Mon hilarité froissa la squatteuse, et me valut un regard assassin qui me dégrisa aussi sec. Elle fronça le nez, et grogna :
— Tu peux me dire ce qui te fait marrer dans cette histoire, je te prie ?
Je retins in-extremis un nouvel éclat de rire : bon dieu, elle ressemblait à McGonagall avec des années en moins quand elle causait sur ce ton. Je répondis d’une voix étranglée :
— Ben disons que tu peux rayer de ta liste les zombies, les extraterrestres et les vampires… je laisse ça aux experts du genre. Je te rappelle quand même que ton univers est centré sur l’Entremonde et tout le bordel, du coup je vois pas comment des vampires étincelants au soleil ou encore des bestioles échappées de Dr Who se retrouveraient dans mon histoire…
Le regard d’Agatha se fit rêveur alors qu’elle murmurait telle une chatte sur un toit brûlant :
— Si tu balances David Tennant dans mon Reims, je t’en voudrais pas, tu sais… David. Tennant…

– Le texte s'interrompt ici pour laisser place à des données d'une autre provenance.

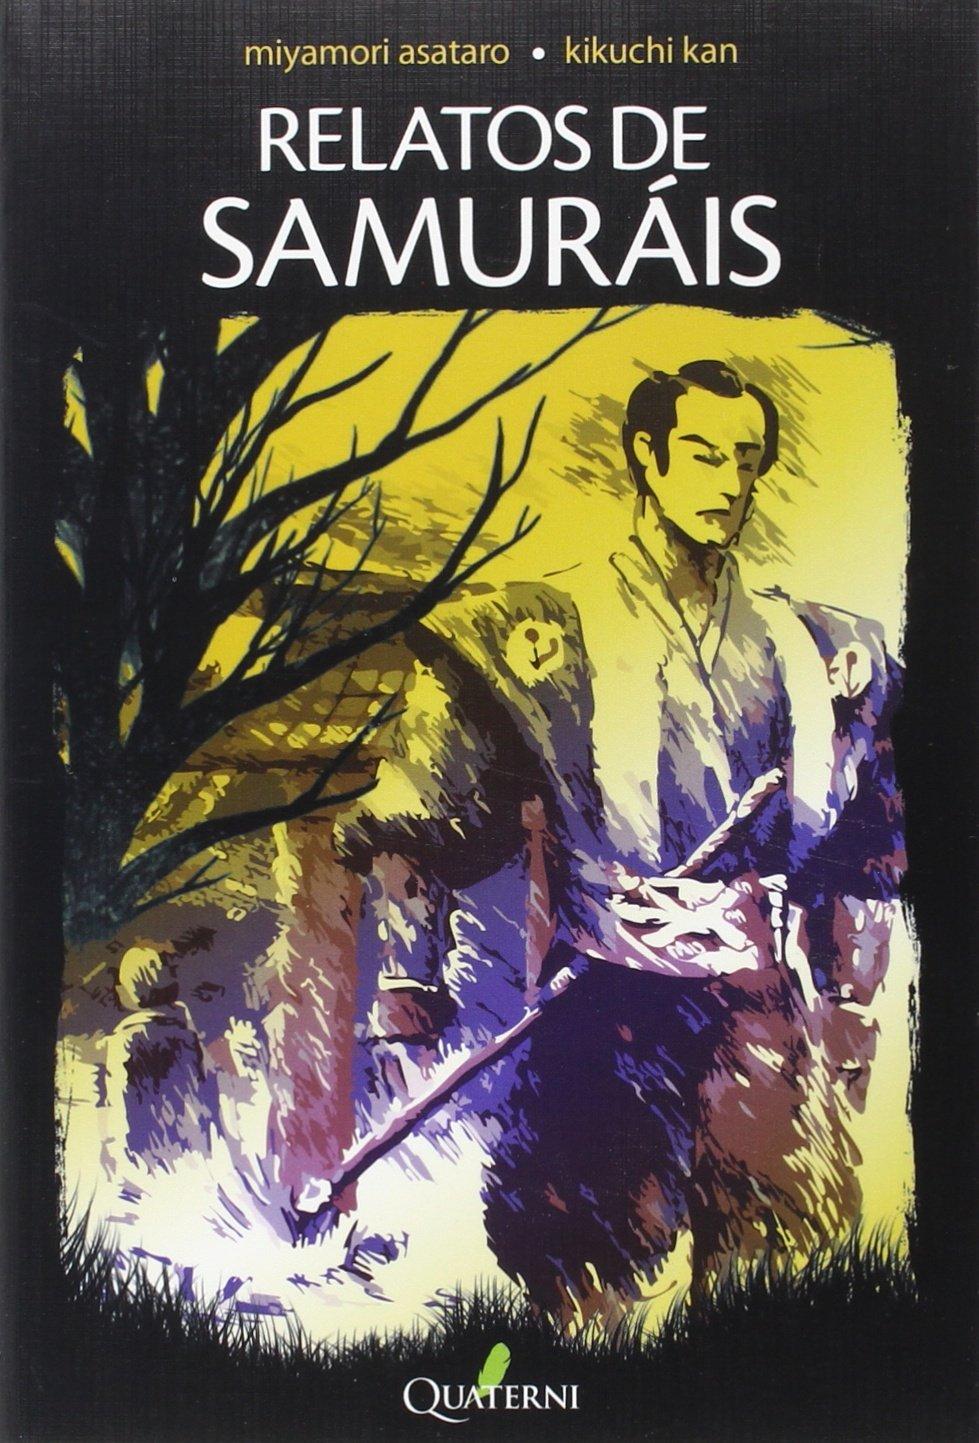 Relatos de Samuráis (Narrativa (quaterni)): Amazon.es: Asataro y Kikuchi, Kan Miyamori: Libros

— Ok la groupie, j’y penserai le jour où j’écrirais une nouvelle fanfiction, promis. Maintenant, essuie la bave qui te coule du menton, s’il te plait, c’est dégueu.
Elle piqua un fard monumental qui détrôna immédiatement les miens et passa sa manche sur sa bouche. Je tressailli. J’avais vraiment créé cette chose ? Pire, étais-je comme ça quand je fantasmais sur Spike en public ?
Je chassai cette vision d’horreur de mon esprit et repris, l’esprit aviné et les pensées brumeuses :
— Et donc, tu t’es incrustée chez moi pour me dire que t’étais certaine qu’un virus zombie n’avait pas été lâché dans ton monde, c’est ça ? bah, je suis ravie de l’apprendre, c’est cool ! Mais va falloir que tu te casses, j’ai mon boulot qui m’attend. Tu sais, celui qui paye mes factures et me permet d’avoir de l’électricité pour écrire ta vie ? expliquais-je en réponse à son regard surpris.
— Mais… tu peux pas aller travailler, Rach’ ! faut que tu viennes dans Reimsbis avec moi et que tu trouves ce qui cloche là-bas !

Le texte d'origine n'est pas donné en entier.